Minfeng Zenga, Xia Yuanab, Shufeng Zuoa and Chenze Qi*a
aZhejiang Key Laboratory of Alternative Technologies for Fine Chemicals Process, Shaoxing University, Shaoxing, 312000, China. E-mail: qichenze@usx.edu.cn; Fax: +86-575-88345682; Tel: +86-575-88345681
bThe School of Material Science and Chemical Engineering, Ningbo University, Ningbo 31521, China

Received 30th January 2015 , Accepted 31st March 2015

First published on 1st April 2015


Abstract

The objective of this study was to develop novel chitosan-based/montmorillonite/palladium (CS/MMT/Pd) hybrid microsphere catalysts with improved properties for use in Sonogashira reactions. Interactions between a chitosan matrix and a montmorillonite nanofiller were revealed by Fourier transform infrared spectroscopy (FT-IR), X-ray diffraction (XRD), and thermogravimetric (TG) analysis. The results confirmed the formation of the intercalation structure between CS macromolecules and MMT layers. X-ray photoelectron spectroscopy (XPS) and high resolution transmission electron microscopy (HR-TEM) analysis results showed that the Pd species of different valencies were dispersed at the nano-level in both the CS matrix and the interlayers of MMT. CS/MMT/Pd hybrid microspheres were highly active for the Sonogashira reactions of aryl iodides and alkynes at a palladium catalyst loading of 0.3 mol%. They can be recycled 10 times without a significant decrease in coupling yields.
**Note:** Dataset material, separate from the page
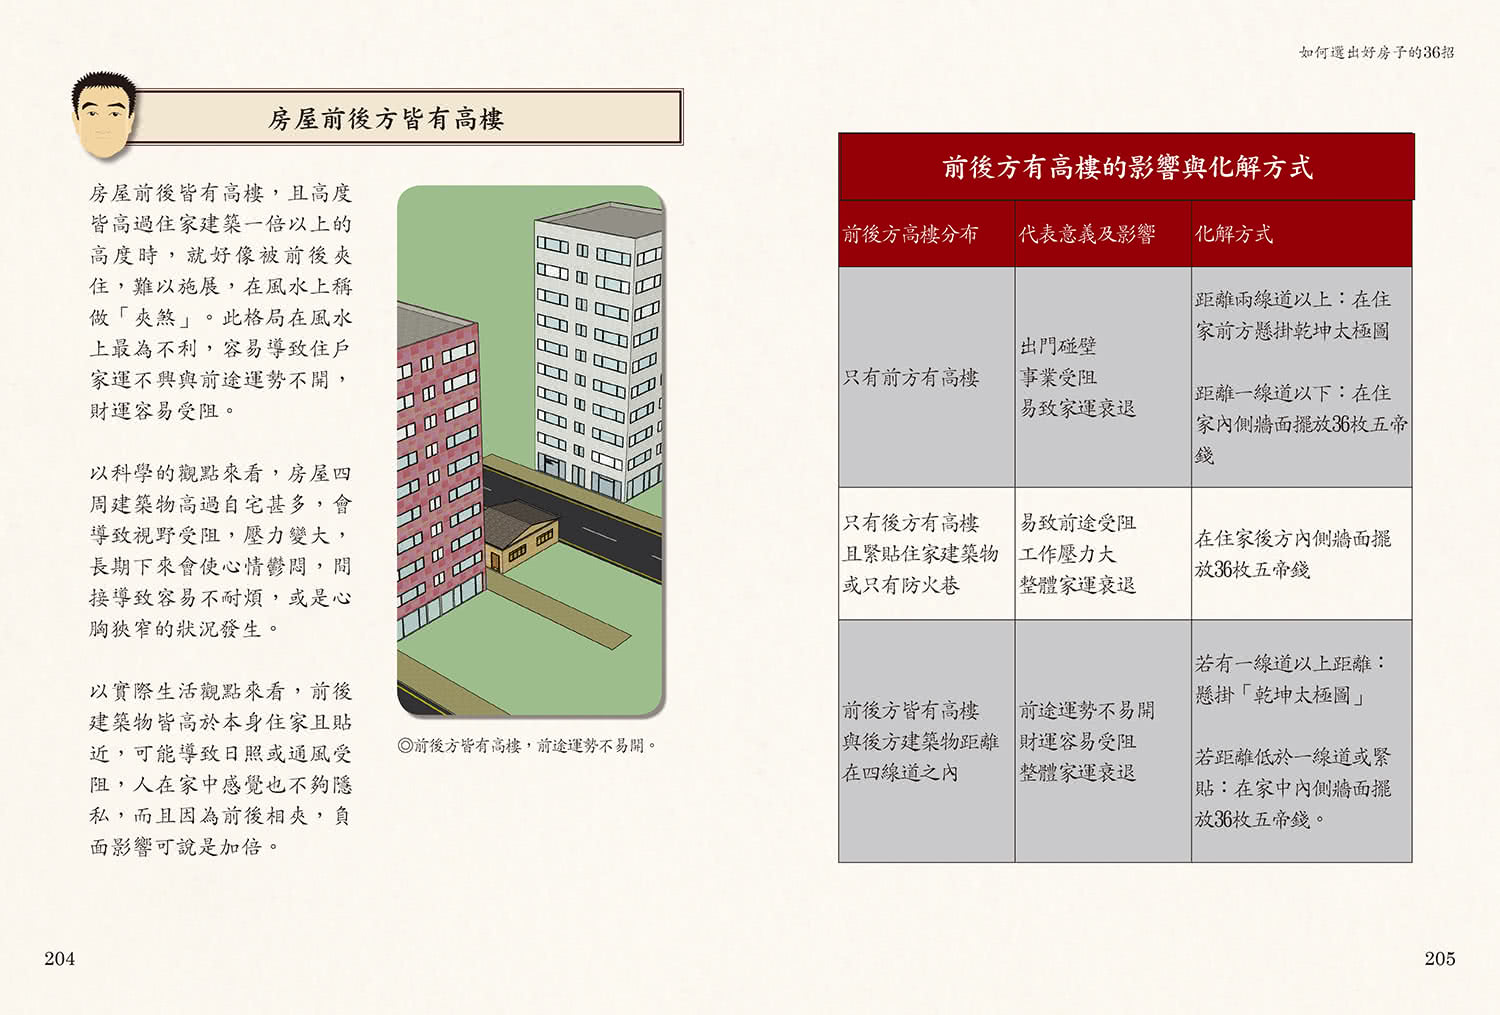 謝沅瑾最專業的開運居家風水：如何選出好房子的36招

It was concluded that introducing MMT into the CS matrix will effectively improve the thermal stability and Pd leaching-resistance of the hybrid microsphere catalysts. The results in this study demonstrated the great potential of such heterogeneous catalysts applied in Sonogashira reactions.


Introduction

In organic synthesis, palladium-catalyzed C–C and C–X coupling reactions are among the most useful methodologies.1 They are usually employed in a homogeneous system but cause difficulties in separation, recovery and reuse of palladium metal.2 To avoid or at least mitigate these drawbacks, heterogeneous catalysis using highly active immobilized palladium catalysts has attracted more and more attention. The heterogeneous catalysts are often readily removed by simple filtration and recycled several times with no detectable metal leaching.3–8 These catalysts are generally immobilized palladium species on supports such as activated carbon, alumina, silica, or polymers. Recently, more and more research has been carried out on environmentally-friendly and low cost natural polymers as solid supports.9–12 Chitosan (CS), the N-deacetylation product of chitin, is the second most abundant natural biopolymer only to cellulose. It has been effectively used as a catalytic support for Pd, Cu, Ni, and so on.13,14 The main advantages of CS as a catalyst support are plenty of polar functional groups (amine, carbonyl, carboxyl, amide) with good chelating ability for transition metals within the molecular backbone, and great convenience in preparation into different forms: flakes, gel beads, membranes, fibers and so on. However, several limiting factors of CS as supports should not be ignored: poor thermal stability, mechanical properties, and solvent-resistance. Therefore, CS needs to be modified either by chemical or physical methods to improve such properties.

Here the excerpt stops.